The animated movie Kono Sekai no Katasumi ni(In a Corner of This World) was released on November 12, 2016, on just 63 theaters throughout Japan in the first week. Thanks to the positive reviews, it ended up being released in 90 theaters. As of December 26, it had sold a total of 600,000 tickets and had made 800 million yen at the box office.
What many people don’t know is that the anime movie was crowdfunded. Director Sunao Katabuchi asked the fans to help him create a short pilot to promote the creation of the anime movie. The company responsible for the campaign website was Makuake of CyberaAgent Crowd Funding, Inc.

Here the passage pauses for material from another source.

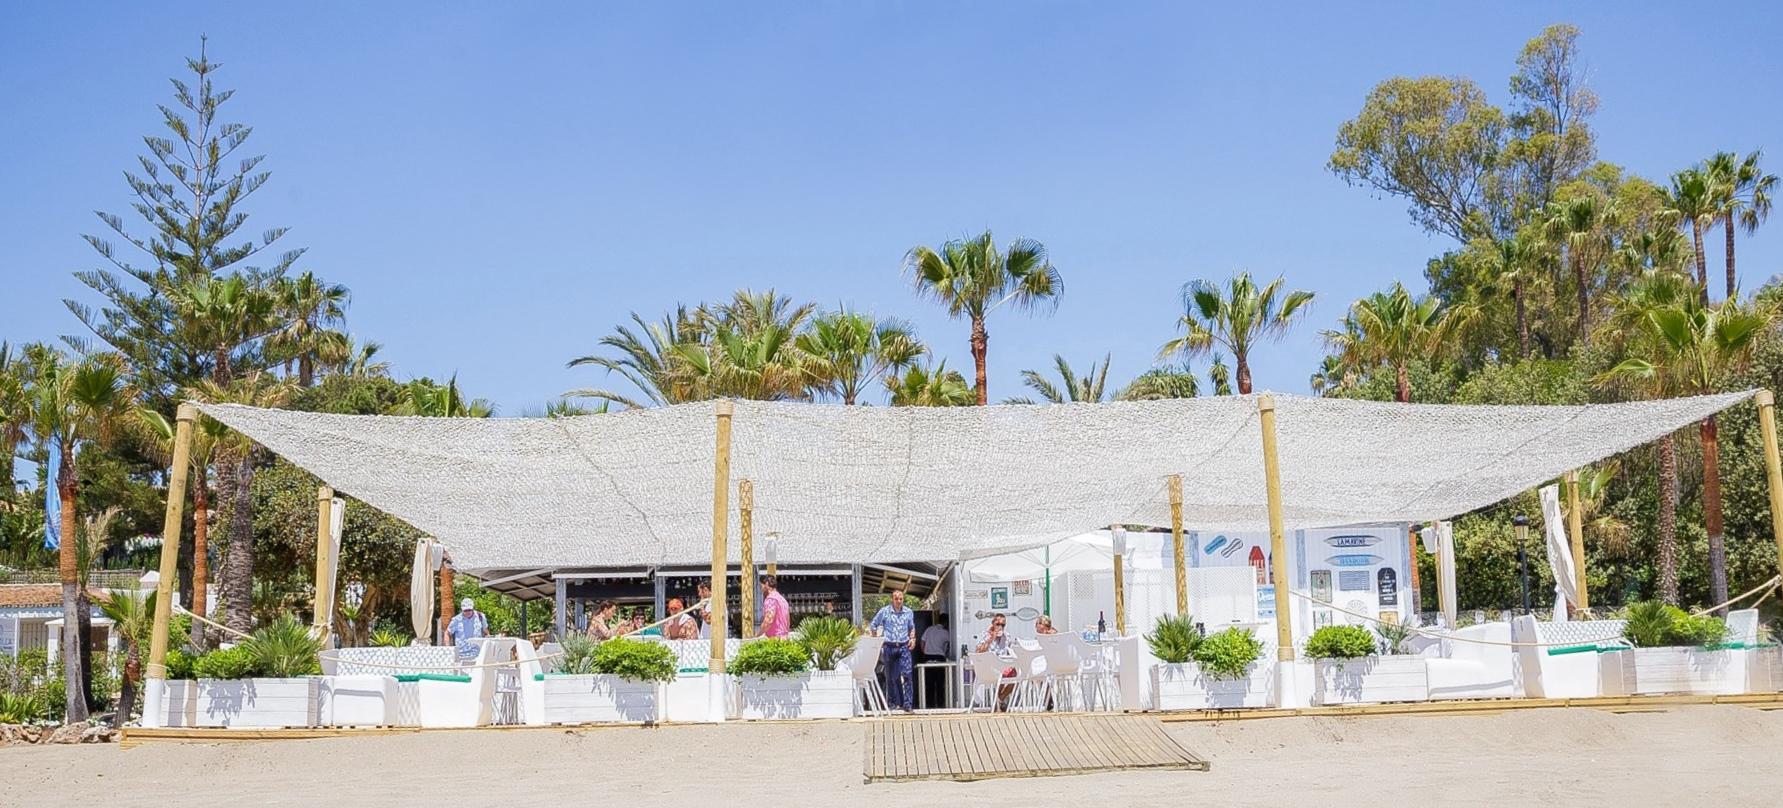 El Chiringuito Marbella

Makuake’s CEO, Ryoutarou Nakayama, was one of the people who fully supported the movie from behind-the-scenes. I interviewed him to learn more about the the production of Kono Sekai no Katasumi Ni, and crowdfunding. I wanted to discover more about the future of anime.
[interview/article: Tomoko Oomagari]
People Wanted an Anime Adaptation of ‘Kono Sekai no Katasumi ni’
――Because they collected the production funds via Makuake for the pilot film, Kono Sekai no Katasumi ni became a big hit. How do you feel about this situation which you are involved in as the CEO of Makuake run by CyberaAgent Crowd Funding, Inc.?
‘I think it’s a good example of a good thing spreading out. The promotion of movies always used to begin with the mass media, such as the introduction of new things on popular information programs. That’s the classic way. However, people nowadays first connect to new things via the internet. I think it’s a big deal that Kono Sekai no Katasumi ni was first met by most people on the internet.’
――What were the circumstances of collecting production funds via Makuake for the Kono Sekai no Katasumi ni pilot?
‘I think it was during winter 2014 or the beginning of 2015. Aoki, who is the producer of this anime, asked me to have a talk. So, I went to the office and he asked me what I thought about crowdfunding for the pilot film.’
――Why did you think Kono Sekai no Katasumi ni would do well?
‘Actually, the production plan of Kono Sekai no Katasumi ni had already been running around Director Sunao Katabuchi since 2010, and he had been tweeting once in a while about workshops relating to the movie and such. Most of the reactions I saw from people were full of enthusiasm saying that they wanted to see the anime adaptation of Kono Sekai no Katasumi ni. I thought that there was a lot of enthusiasm all over the internet from fans of the manga and of director Katabuchi. Seeing that, I said, “Aoki-san, this should work well.”’
――Was there any precedent for collecting anime production funds via crowdfunding?
‘Actually yes, but most of them were to collect funds for self-produced short movies. There weren’t any precedents for this kind of commercial work, and it was also the first anime work for Makuake too. When you look at the collection of funds for self-produced anime, it’s considered great if it reaches 1 million yen. You need to have around 100 million yen to make a feature-length movie, but Aoki-san said “lets set up 20 million yen for the objective. You can make a 5-10 minute long pilot with that. Then, do business with that to collect the production funds that we need for the feature-length anime and make a production committee.”’
――Even if its a small amount of the production funds, 20 million yen for the target amount is a big case for Makuake.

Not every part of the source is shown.